Entscheidungsstichwort (Thema)
Entgeltfortzahlung im Krankheitsfall (80 % oder 100 %)
Leitsatz (amtlich)
1. Eine eigenständige tarifvertragliche Regelung über die Entgeltfortzahlung im Krankheitsfall liegt vor, wenn der TV abweichend vom Gesetz nicht nur einen Einwendungsausschluß, sondern einen Zahlungsanspruch beinhaltet und über das Gesetz hinausgehende Regelungen für die Fortzahlung des Entgelts bei bestimmten Heilverfahren vorsieht.
2. Besteht ein unmittelbar zeitlicher Zusammenhang zwischen der Vereinbarung von Tarifbestimmungen für die Entgeltfortzahlung von Angestellten und Arbeitern, kann zur Vermeidung sachlich nicht gerechtfertigter Ungleichbehandlung bei der Auslegung des weniger konkret gefaßten MTV Arbeiter auf die Interpretation des MTV Ang zurückgegriffen werden.
Normenkette
EFZG §§ 3-4; MTV Berliner Holzindustrie §§ 32-33; MTV Ang holzverarbeitende und Polstermöbelindustrie Berlin §§ 24, 30
Verfahrensgang
ArbG Berlin (Urteil vom 15.04.1997; Aktenzeichen 34 Ca 2548/97) |
Tenor
I. Das Urteil des Arbeitsgerichts Berlin vom 15. April 1997 – 34 Ca 2548/97 – wird teilweise abgeändert:
- Unter Aufhebung des Tenors zu Ziff. Ia wird festgestellt, daß die Ziffern 32, 33 des Manteltarifvertrages für die Berliner Holzindustrie vom 12. März 1984 (MTV) so auszulegen sind, daß die durch das Arbeitsrechtliche Gesetz zur Förderung von Wachstum und Beschäftigung (Arbeitsrechtliches Beschäftigungsförderungsgesetz vom 25. Sept. 1996, Bundesgesetzblatt 1, Nr. 48 vom 27. Sept. 1996 Seite 1476) in Artikel 3 geänderten Vorschriften des § 3 Abs. 3 und § 4 Abs. 1 des Entgeltfortzahlungsgesetzes n. F. auf tarifgebundene Arbeitsverhältnisse keine Anwendung finden.

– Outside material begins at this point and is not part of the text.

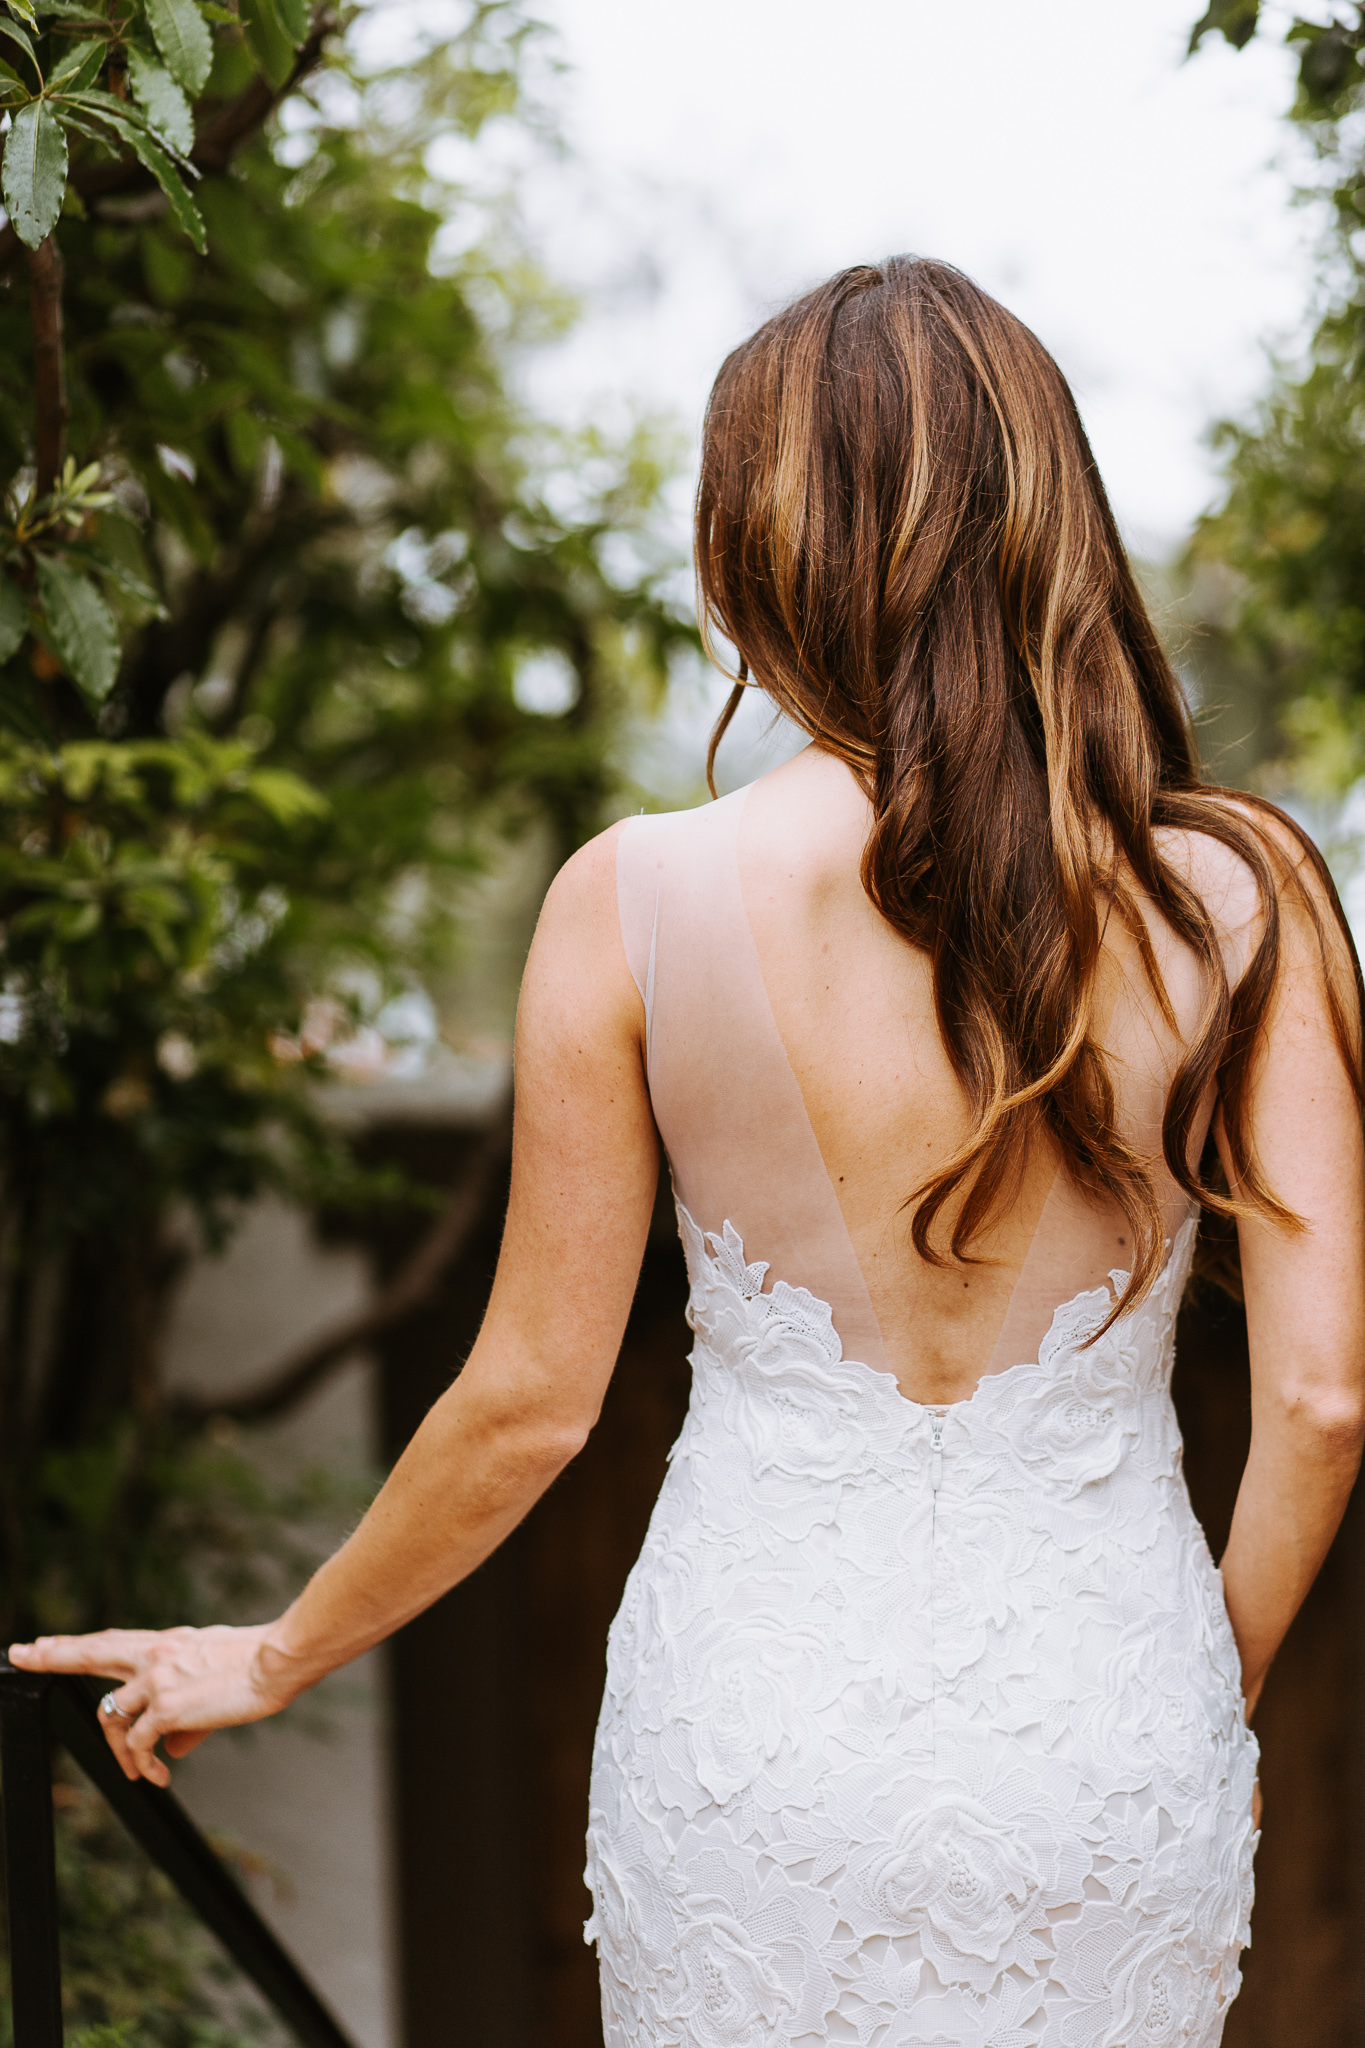 LagunaBeach-WeddingPhotographer-15.jpg

- Unter Aufhebung des Tenors zu Ziff. II a wird festgestellt, daß die Ziffern 24, 30 des Manteltarifvertrages für die Angestellten in Betrieben der holzverarbeitenden Industrie und der Polstermöbelindustrie Berlin vom 12. März 1984 (MTV) so auszulegen sind, daß die durch das Arbeitsrechtliche Gesetz zur Förderung von Wachstum und Beschäftigung (Arbeitsrechtliches Beschäftigungsförderungsgesetz vom 25. Sept. 1996 Bundesgesetzblatt 1, Nr. 48 vom. 27. Sept. 1996, Seite 1476) in Artikel 3 geänderten bzw. neu eingefügten Vorschriften des § 3 Abs. 3 und § 4 Abs. 1 des Entgeltfortzahlungsgesetzes n. F. auf tarifgebundene Arbeitsverhältnisse keine Anwendung finden.

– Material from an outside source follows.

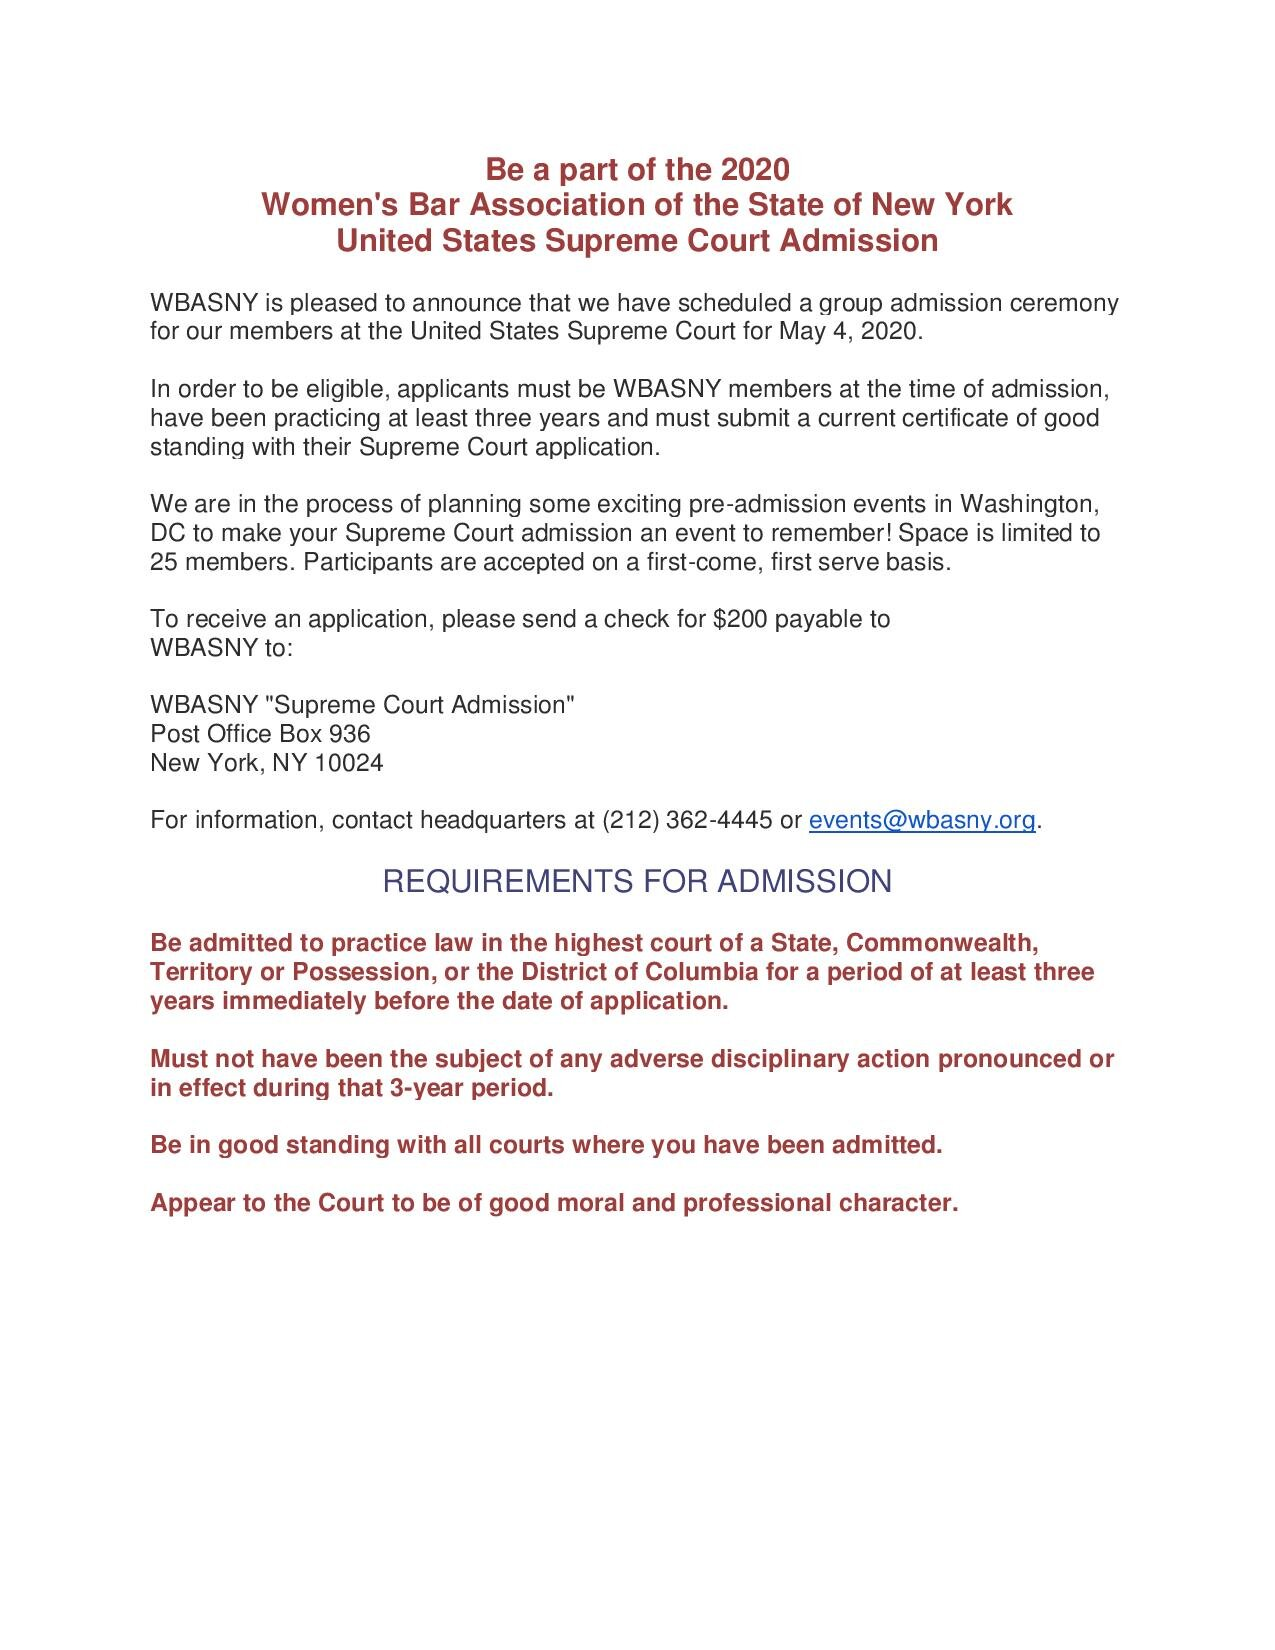 WBASNY Sup Ct Admission 2020-page-001.jpg

II. Von den Kosten des Rechtsstreits haben diejenigen der ersten Instanz die Klägerin zu 1/10, die Beklagte zu 9/10 zu tragen; diejenigen der Berufungsinstanz hat die Beklagte insgesamt zu tragen.
III. Die Revision wird zugelassen.
Tatbestand
Die Parteien streiten um die Auswirkungen des „arbeitsrechtlichen Beschäftigungsförderungsgesetzes” vom 25. September 1996 auf den von ihnen geschlossenen Manteltarifvertrag für die Berliner Holzindustrie vom 12. März 1984 sowie den Manteltarifvertrag für die Angestellten in Betrieben der holzverarbeitenden Industrie und der Polstermöbelindustrie Berlin vom 12. März 1984.
Vor allem sind sich die Tarifvertragsparteien darüber uneinig, ob die Ziffern 32 und 33 des Manteltarifvertrages für die Berliner Holzindustrie (künftig MTV Arbeiter genannt) bzw. die Ziffern 24 und 30 des Manteltarifvertrages für die Angestellten in Betrieben der holzverarbeitenden Industrie und der Polstermöbelindustrie Berlin (künftig MTV Angestellte genannt) eine vom Gesetz unabhängige Anspruchsgrundlage für eine 100%ige Entgeltfortzahlung im Krankheitsfalle darstellen.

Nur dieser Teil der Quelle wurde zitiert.